Cinéaste rare et précieux, Isao Takahata revient enfin après 13 ans d'absence et outre une participation au documentaire Jours d'hivers, l'auteur de Nos voisins les Yamada manquait cruellement au Studio Ghibli. Et le merveilleux Le Conte de la Princesse Kaguya, vient rappeler à quel point le maitre cultive un cinéma d'animation aussi poétique que totalement atypique.
Différent déjà parce que au contraire de son grand ami Hayao Miyazaki, Takahata n'est pas un dessinateur et se détache donc depuis ses débuts d'un style visuel identifié et marqué. Et c'est loin d'être un défaut puisqu'ainsi chacun de ses films est approché avec un style et un trait totalement différent, en accointance avec le sujet désiré. Le réalisme de la ligne claire dans Le Tombeau des lucioles, le contraste entre l'école Ghibli et le shojo dans Omoide Poroporo, les rondeurs enfantines de Pompoko jusqu'à l'épure de Nos Voisins les Yamada se réappropriant directement le trait du strip de Hisaichi Ishii. Plus fouillées, plus éblouissantes, les illustrations du Conte de la Princesse Kaguya en découle pourtant directement, reprenant avec naturel et une finesse rarement atteinte, la subtilité et l'évanescence des grandes estampes d'autrefois autant que la simplicité apparente des premiers grands classiques du cinéma animé japonais comme Le Serpent Blanc, sur lequel justement Takahata avait œuvré. Le rendu est constamment renversant de beauté, intégrant fermement cette sensation d'esquisse, de peinture à l'eau, à une animation d'une fluidité et d'une richesse fascinante (la fuite dans la neige et ses traits qui « s'échappent »), qui donne vie aussi bien à une nature foisonnante (les saisons au cœur du dispositif), qu'au fourmillement pourtant épuré à l'extrême de la vie à la cité.
Une certaine reconstruction d'un art, allant à l'encontre de la mouvance contemporaine de l'animation 3D qui se veut si réaliste, et qui rejoint idéalement le choix d'adapter un illustre conte du folklore japonais du Xe siècle, imaginé par une courtisane impériale.
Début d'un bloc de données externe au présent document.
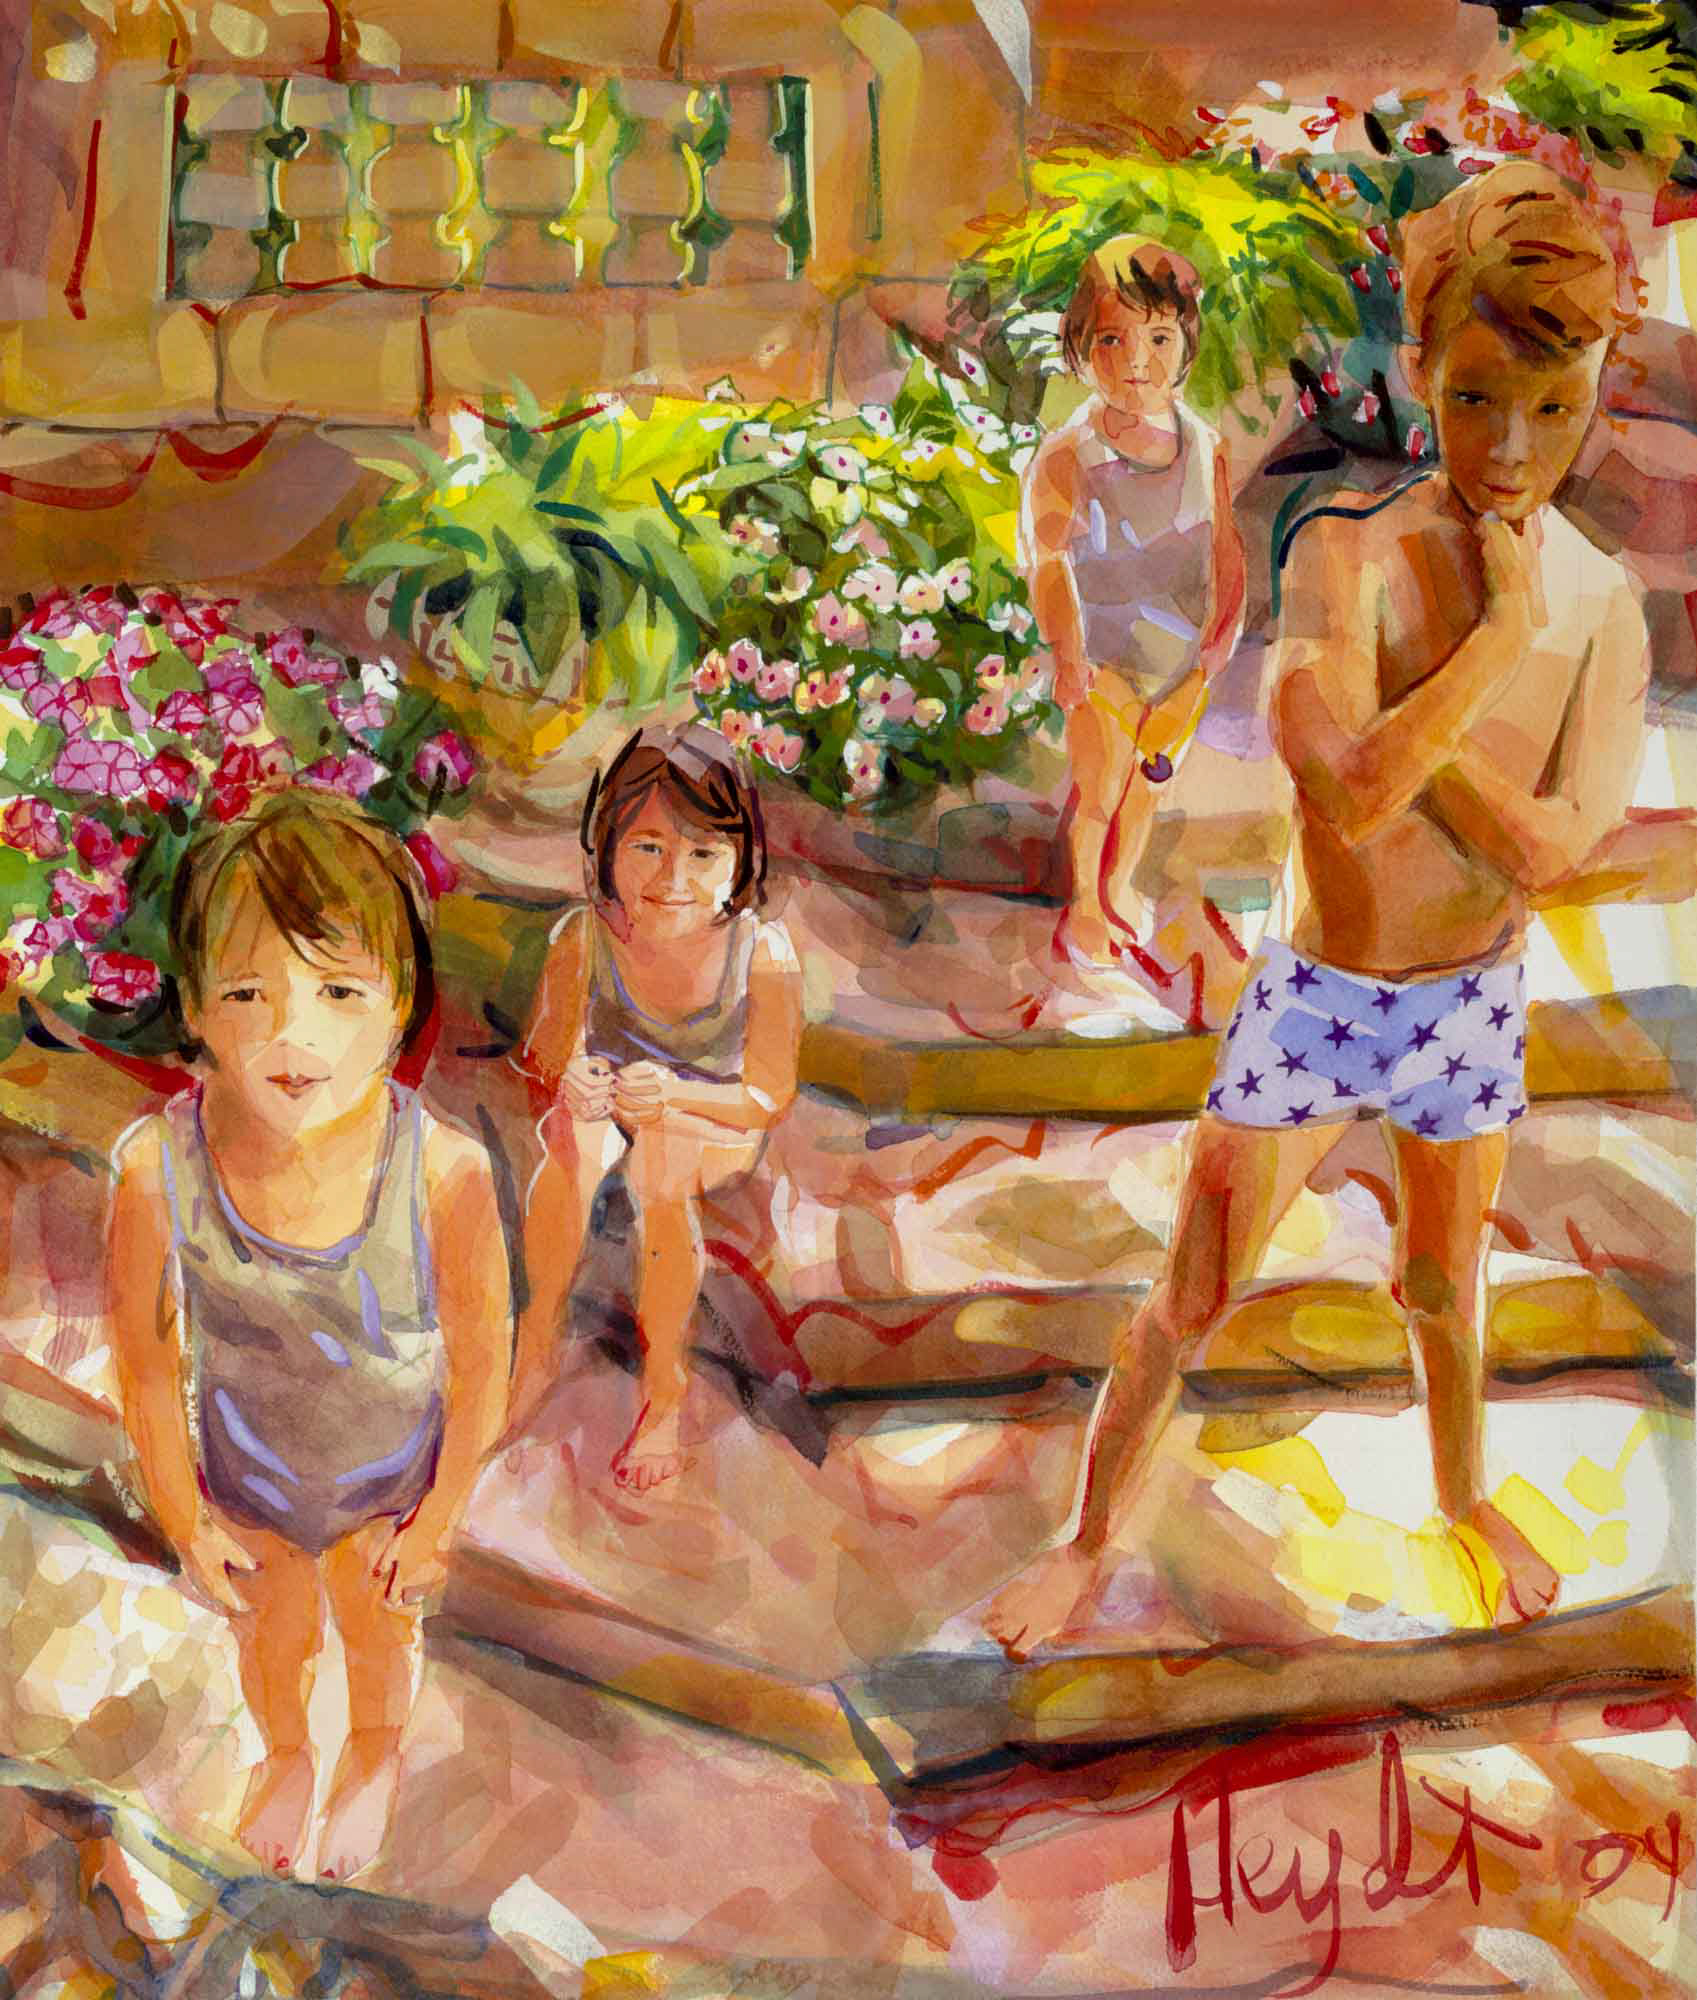 NewportantIII-4 kids in bathing suits.jpg

Sous des dehors de fable naïve (la petite fille née dans un bambou), le film s'avère ainsi autant un grand hymne fervent à la nature, voir au « paradis perdu », qu'une leçon morale (et non une leçon De morale) sur les diktat sociaux, la course irréfléchie au luxe et la perte de liberté qui en découle. Des thèmes qui rejoignent bien évidemment ceux si chers à Takahata, qu'il aborde d'ailleurs frontalement, reprenant épisode après épisode chaque jalon du conte, quitte parfois à étirer un peu trop certaines séquences. De très légères chutes de rythme, qui n'entame pas vraiment la force évidente de l'œuvre, délicieuse féerie se prêtant volontiers à la comédie (les prétendants précieux et ridicules de la belle princesse, ses facéties pour s'échapper des carcans de la noblesse), à la contemplation festoyante d'une nature campagnarde et bien entendu à une certaine dureté métaphysique lorsque le destin fataliste de la jeune fille prend un tour tragique. Isao Takahata signe sans doute là sont dernier dessin animé, une tristesse soit, mais avec Le Conte de la Princesse Kaguya, il a bien mérité sa vénérable retraite.